As a society, we spend a lot of time focused on the “in-crowd”, particularly who is IN that “in crowd” and who is OUT. The term “in-crowd” might be a little hard to define, and the qualifications to be named part of the “in-crowd” seem to change with regularity. Here’s a good definition I found on a contemporary English website: “a small group of people in any organization who are fashionable, popular or powerful, but who do not let many other people join them.”
In today’s Gospel story, Jesus is being hosted at a banquet given in the home of Simon, the Pharisee. Simon was part of the “in-crowd”, a member of the powerful religious elite who claimed that living righteously was what gave you an IN with God. Simon invited Jesus IN to his home, perhaps as an offer to join the “in-crowd”, and ever-so-curious about the young prophet and the stories he’d heard about miracles being performed all over the countryside. Jesus had gotten Simon’s attention, and for a moment was one of the “in-crowd”.
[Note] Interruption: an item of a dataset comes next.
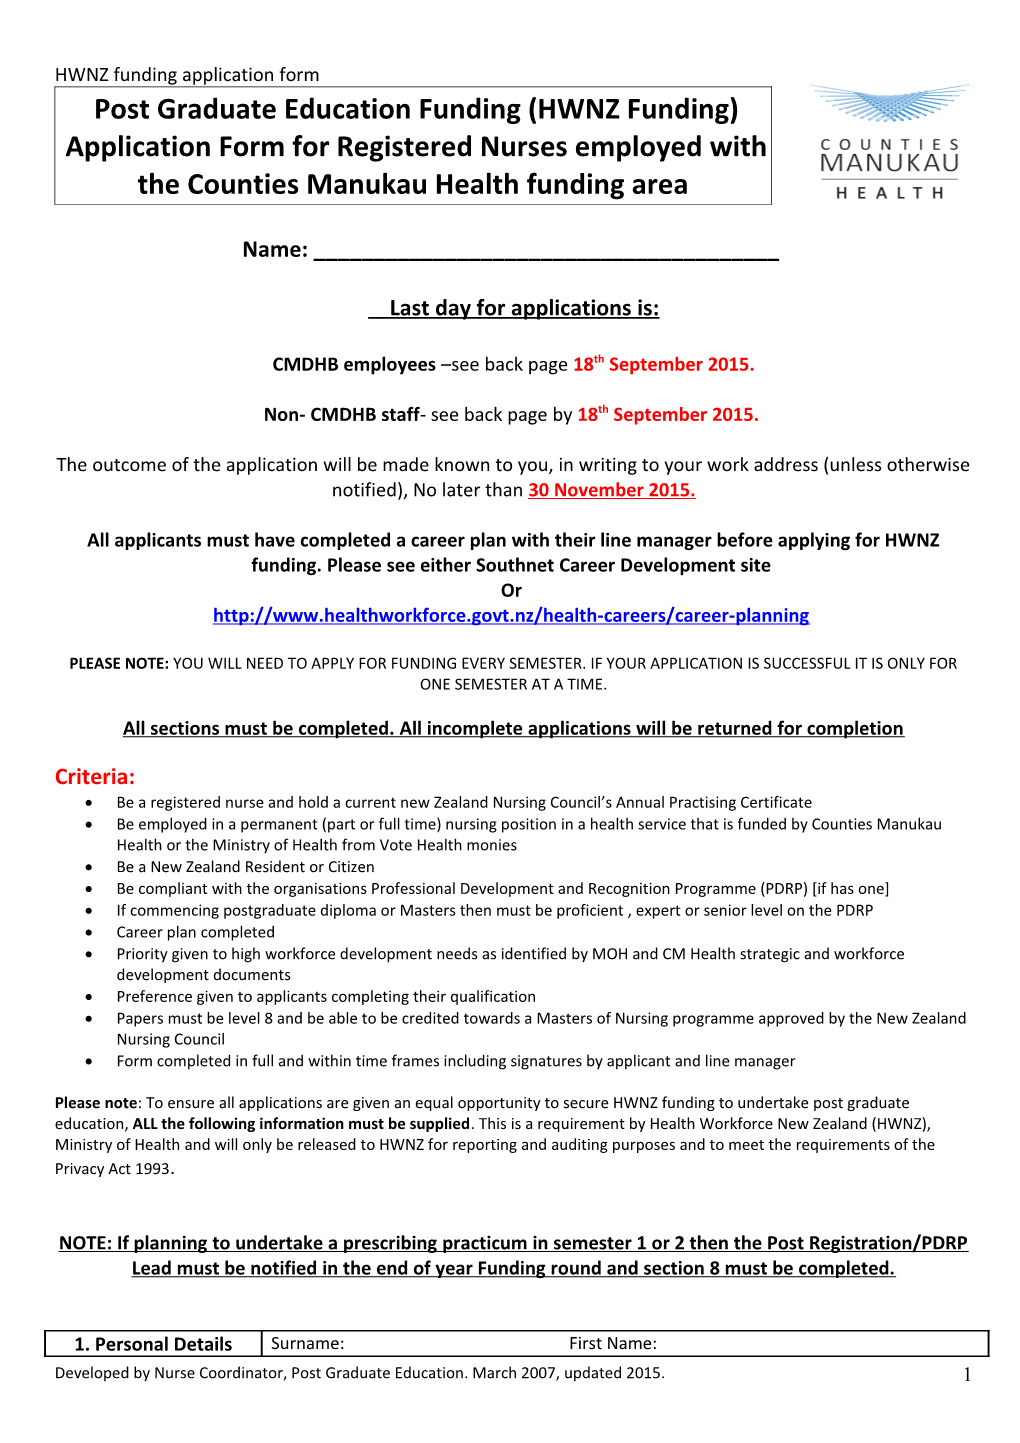 Application Form for Post Graduate Education Funding for Registered Nurses Employed With

In the story an incredibly brave woman broke the boundary of the “in-crowd” and suddenly entered the house of this powerful Pharisee, and ran to the feet of Simon’s honored houseguest. The woman is clearly someone who is an OUT-sider. We’re told she was a sinful woman, without specificity, but Luke makes things very clear that she is someone who doesn’t belong to the “in-crowd”, at least as defined by those in power for the moment. She doesn’t live a righteous life, and therefore could not be part of the “in-crowd.”
One of the striking themes throughout Luke’s gospel is Jesus’ consistent welcoming IN of those whom society considers OUT. Jesus heals a Roman Centurion’s servant, and does the same to the son of a widow, welcomes a thief into the Kingdom of God, and forgives those who put him to death. Everything Jesus does in Luke’s gospel draws the focus of those who are IN, to those who are OUT, those who God loves every bit as much.
Simon the Pharisee invites Jesus IN, and is given a picture of what invitation really means. The unnamed woman, anoints Jesus’ feet with expensive oil, then wipes them with her hair and her tears, in a splendid display of love, devotion and gratitude for Jesus’ and his ministry of forgiveness. Jesus does not consider her an OUTsider and Simon is shown that he should not either.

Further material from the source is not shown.